Афинская держава носила имя „морского союза“; и действительно, она владела сильнейшим в Греции флотом и господствовала на море практически безраздельно. Сильнейшим сухопутным государством, как и во время персидских войн, была Спарта. Вокруг нее также образовался союз городов, главным образом пелопоннесских и отчасти среднегреческих, либо связанных со спартанцами племенным родством, либо же просто страшившихся афинской гегемонии и сумевших остаться вне сферы ее влияния. Пелопоннесский союз, по-видимому, не знал таких острых внутренних конфликтов, какие раздирали Афинскую морскую державу. Объяснять это патриархальной честностью Спарты и цинизмом Афин, утративших моральные устои под влиянием новых разрушительных идей, или паразитизмом афинского демоса и честолюбием его вождей, или даже своекорыстными „классовыми“ интересами купцов и промышленников было бы и недостаточно (хотя каждое из этих объяснений заслуживает внимания), и не вполне обоснованно. Выход на международную арену означал крушение полисного хозяйства и государства. Между тем военное столкновение с персами было уже заключительным шагом в долгом путешествии, начало которого относится к VIII веку до христианской эры — ко времени основания первых колоний.

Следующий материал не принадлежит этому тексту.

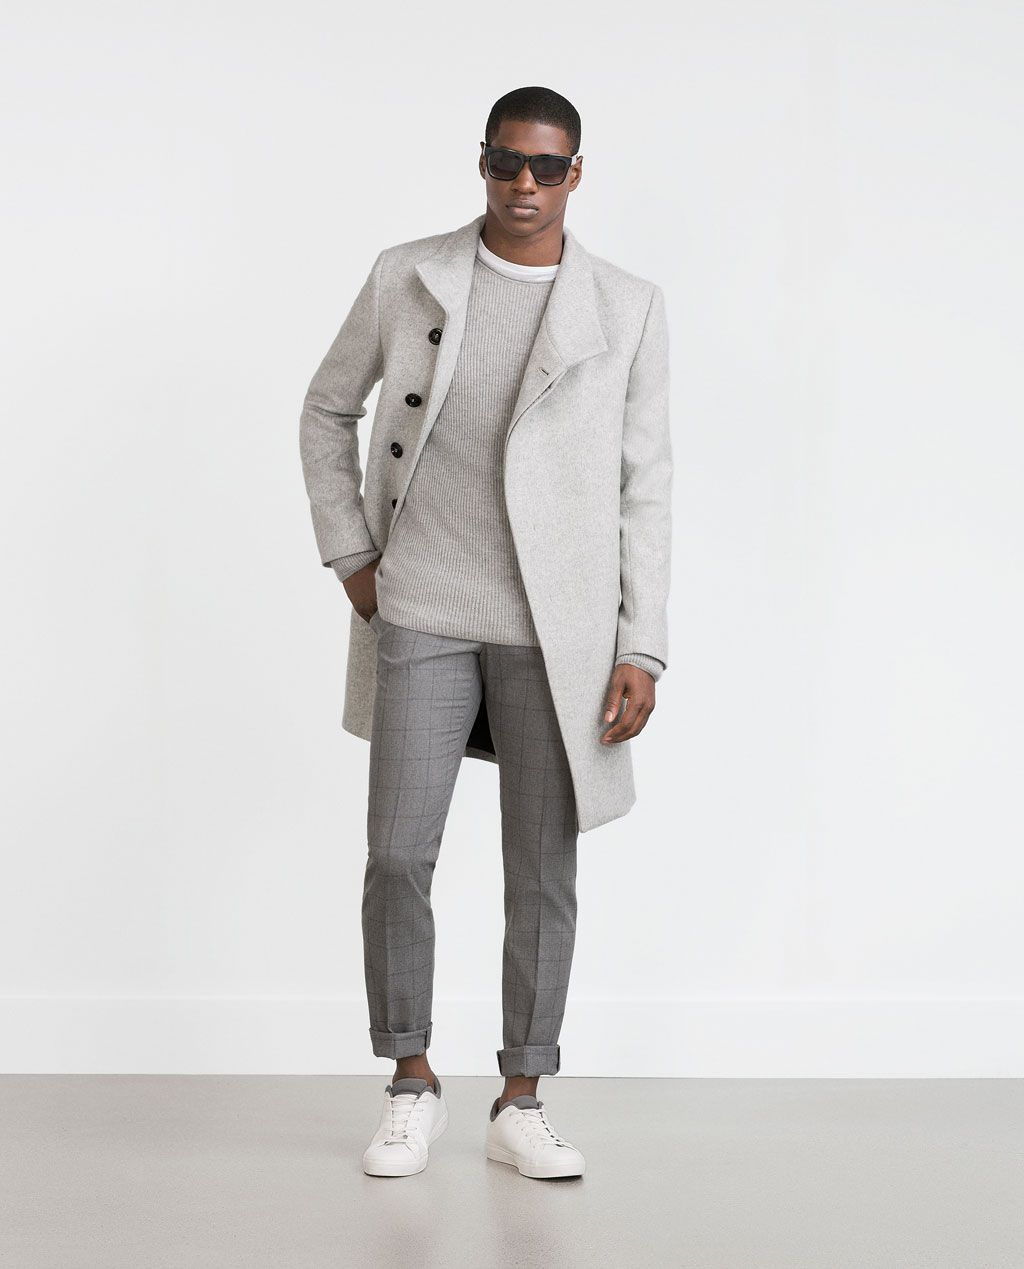 New Arrivals: Zara Fall 2015 Menswear | Coming soon, Zara ...

Первопричины греческой колонизации — не экономические (поиск рынков сырья или сбыта), а демографические. Избыток населения — следствие скудости почвы, высокой рождаемости и низкой детской смертности — дал себя знать очень рано, и, помимо образования колоний, практиковались и другие способы решения проблемы: умерщвление или подкидывание новорожденных, убийство стариков (по сообщению географа и историка Страбона, на острове Киосе каждому, кто доживал до шестидесяти лет, подносили чашу с ядом), массовый отток взрослого мужского населения за границу для службы в наемных войсках. Но, однажды возникнув, колонии постепенно изменяли экономическую, а отчасти и политическую жизнь метрополии, втягивая ее в международный обмен и, следовательно, исподволь подрывая замкнутую, самодовлеющую структуру полиса. С особенной интенсивностью это происходило тогда, когда государство оказывалось вынужденным ввозить из-за рубежа самое необходимое, например — хлеб, как ввозили его и Афины. И чем дальше уходило общество этим новым путем развития, тем труднее и теснее было ему в узких рамках полисной идеологии и государственности. А поскольку новый путь был историческою неизбежностью в расширяющемся, раздвигающем свои пределы мире, неизбежным было и крушение полисной системы, переход к системе крупных государств с централизованною властью — то, что у историков зовется переходом от эллинства к эллинизму.
Сказанное выше никак не означает попытки оправдать „афинский империализм“ или бедствия и зверства многолетней войны, тем более что и Афины, при всей своей, условно говоря, прогрессивности, отнюдь не были носителем нового уклада, а защищали обреченную идею суверенного полиса. В самом деле, поражением Афин в 404 году борьба не закончилась, она длилась еще тридцать с лишним лет, до так называемого Анталкидова мира (371 год), и что же он принес, этот мир? Восстановление автономии почти всех греческих городов, больших и малых, иными словами — возвращение к той системе, которая уже не могла дольше существовать! Стало быть, речь идет лишь об одном: о закономерности и необходимости решительного поворота в жизни греков. Мог ли этот поворот принять какие-то иные формы, более спокойные, менее кровавые, — вопрос, по-видимому, праздный; во всяком случае, задавать истории подобные вопросы бесполезно. Но одно ясно: если бы Спарта не выступила, ее роль взяла бы на себя коалиция афинских подданных или, может быть, Персия, тоже страшившаяся усиления Афин.